The elaboration on the alleged idea of a meta-thinking led us to Witters, and
the alleged claim that Witters might find a problem with it.
McEvoy asks (in connection with a related question):
"What is the proof of this? First, even if so, the point above is that "no
thought is ascribed" - not that "no thought exists" - without link to manifest
behaviour. But how direct or indirect/remote need be 'the link'? Is W denying
that I can ascribe a changed thought to someone (and correctly) when someone
else enters the room in which we are sitting and there is not a flicker of
changed manifest behaviour? Indeed, could the fact there is not a flicker of
response from JLS not be the basis for my ascribing thought to JLS e.g. that
JLS is going to ignore the person who entered, given the way that person has
abused him in on-line posts for the past several years?"

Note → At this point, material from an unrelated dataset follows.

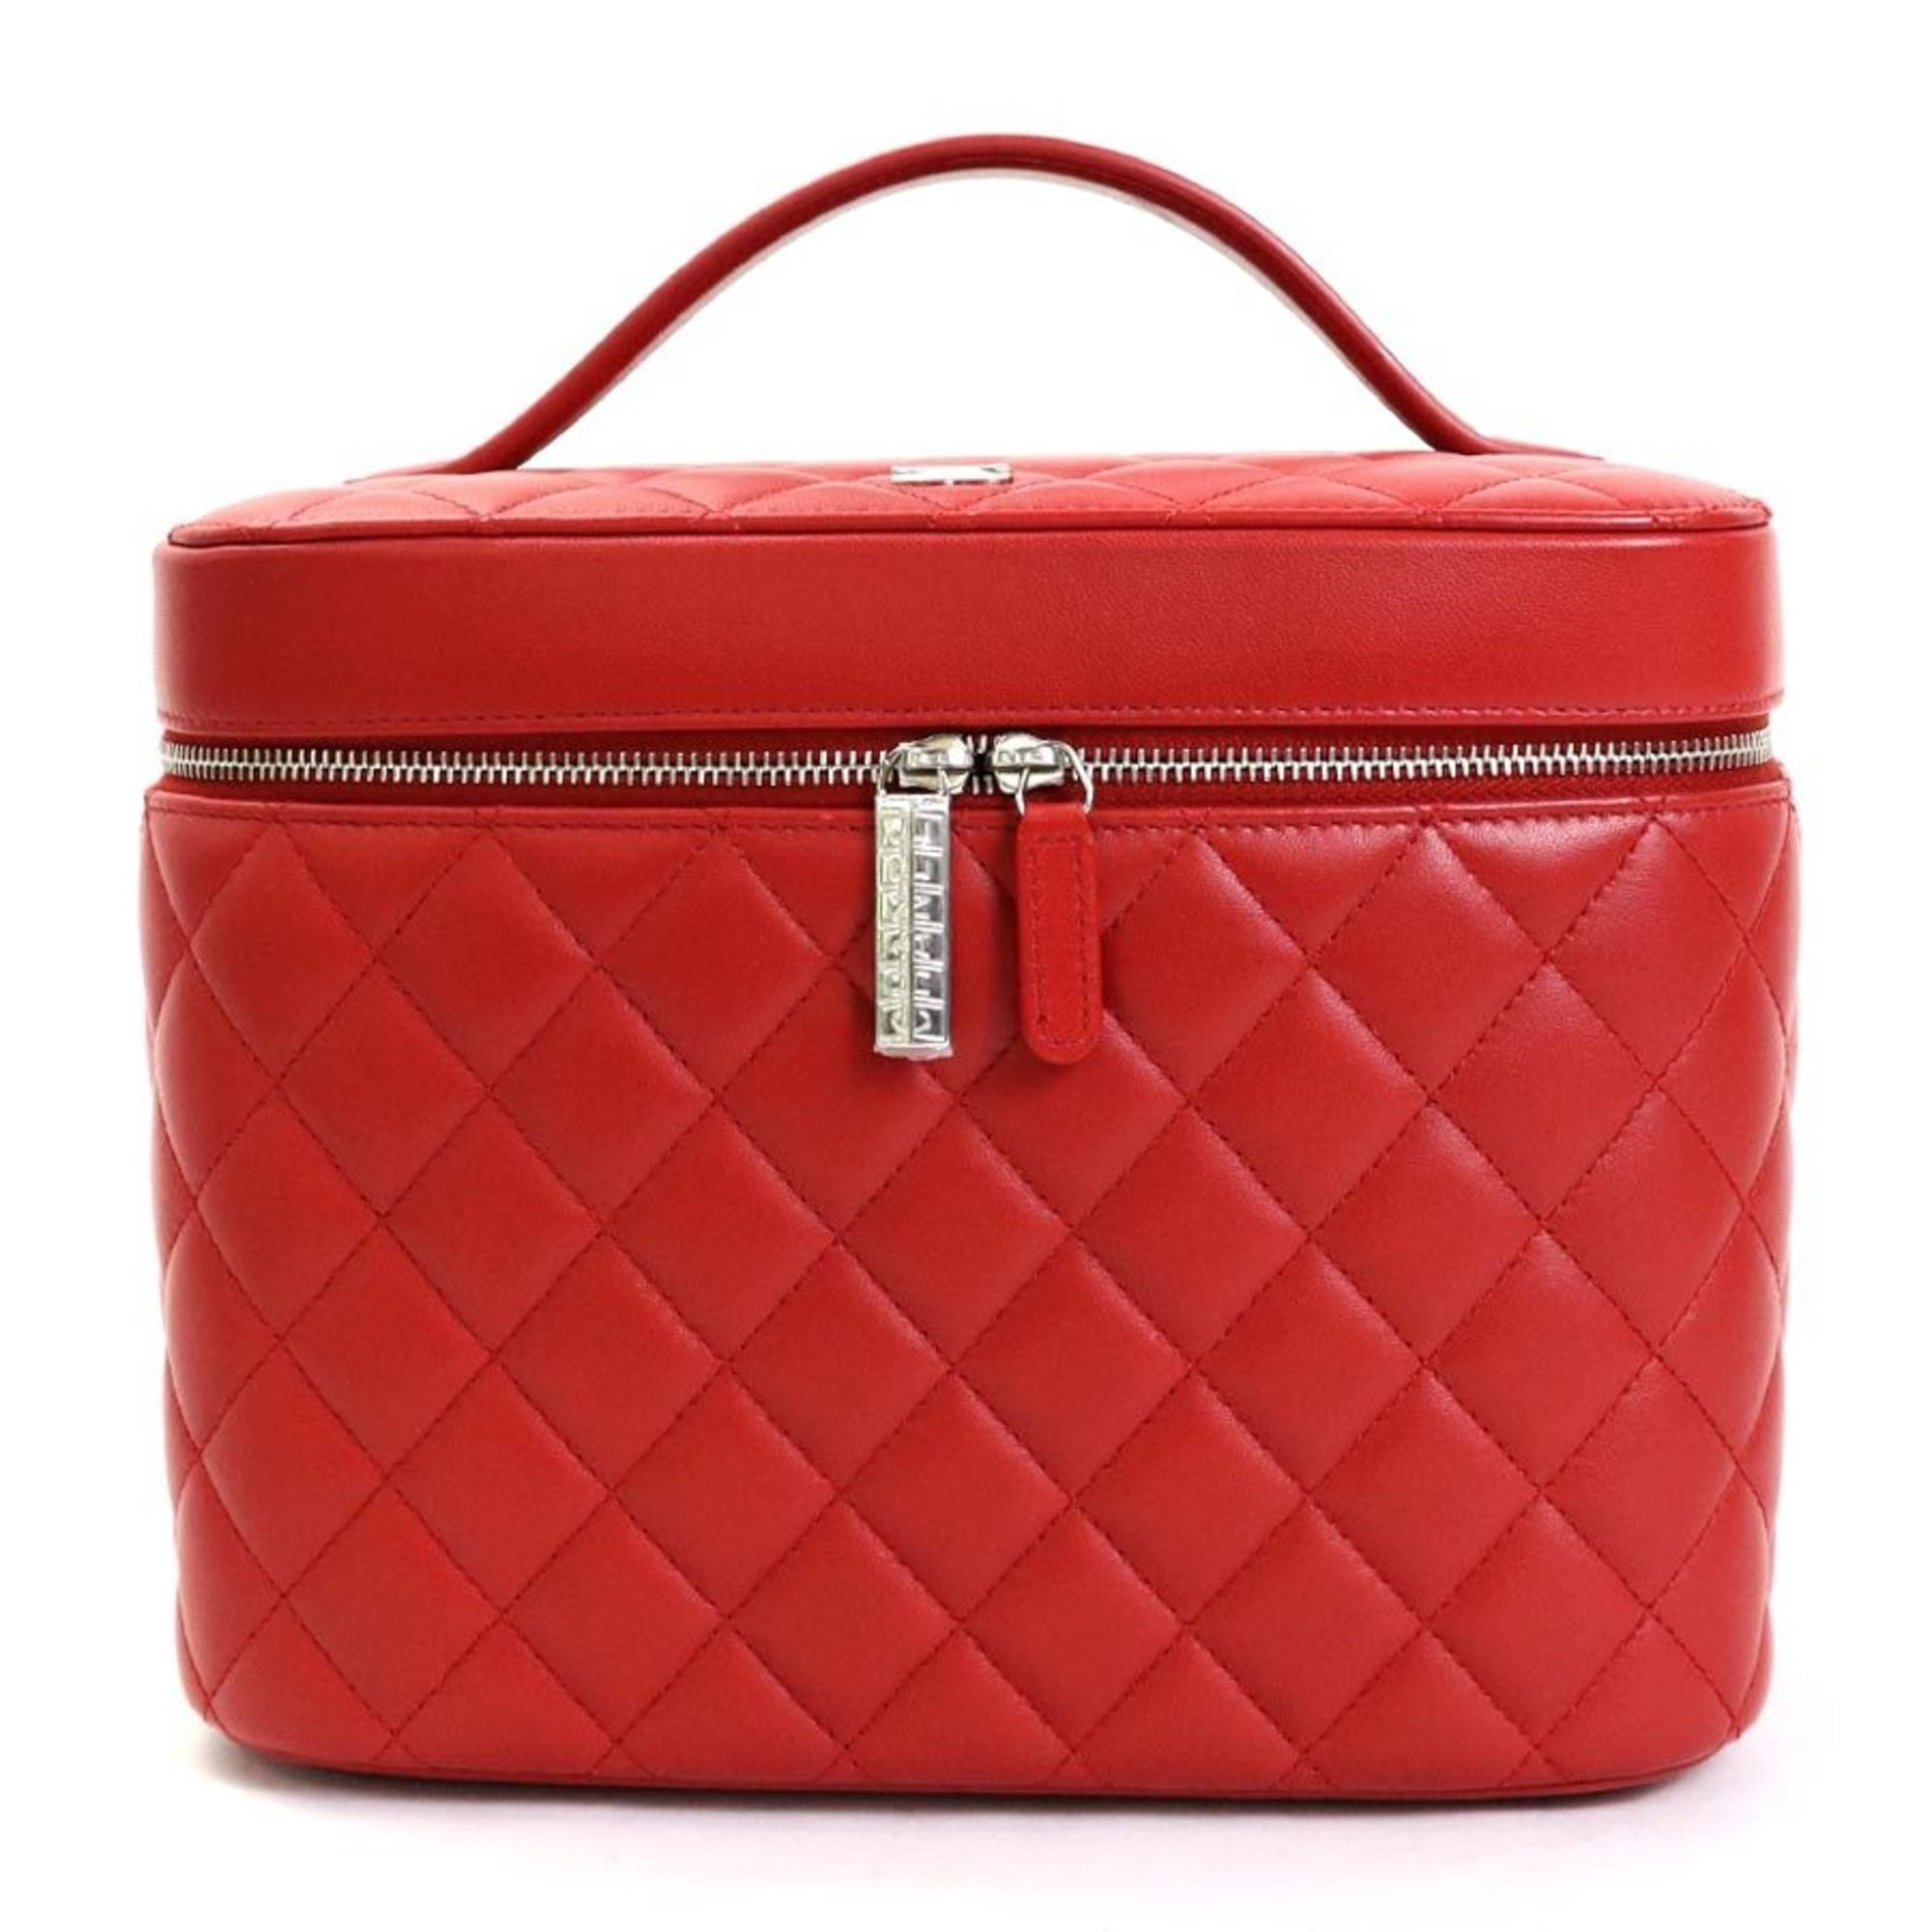 used Pre-owned Chanel Chanel Handbag Vanity Bag Matelasse Coco Mark Lambskin Red Women's A80913 (Like New), Adult Unisex, Size: (HxWxD): 17.5cm x

Well, I guess Witters would say that 'absence of behaviour' counts as
'behaviour' (when 'behaviour' is expected) on occasion.
McEvoy goes on:
"In my view/understanding, later W is denying no such thing: and would accept
we can ascribe thoughts, in certain situations, where there is no change in
manifest behaviour. What W would deny is that we could in all situations
ascribe thoughts without reference to manifest behaviour."
Yes, this is a good point. Pity he criticised philosophers who 'craved for
generalities,' I think it's the phrase he used.
McEvoy:
"W would want to suggest that it is ascription learnt in the context of
manifest behaviour that provides the framework for our being able, in certain
other situations, to ascribe changes of thought to a person despite the absence
of any change in their manifest behaviour."
In fact, I was quoting Grice quoting Witters in "Method in philosophical
psychology". I don't think we need to formulate this in terms of 'change' at
all, for the most basic situations. But I see McEvoy's point.
McEvoy:
"But even so, W does not assert that the behaviourally-'based' framework
provides a determinative set of criteria for correctly ascribing "thoughts"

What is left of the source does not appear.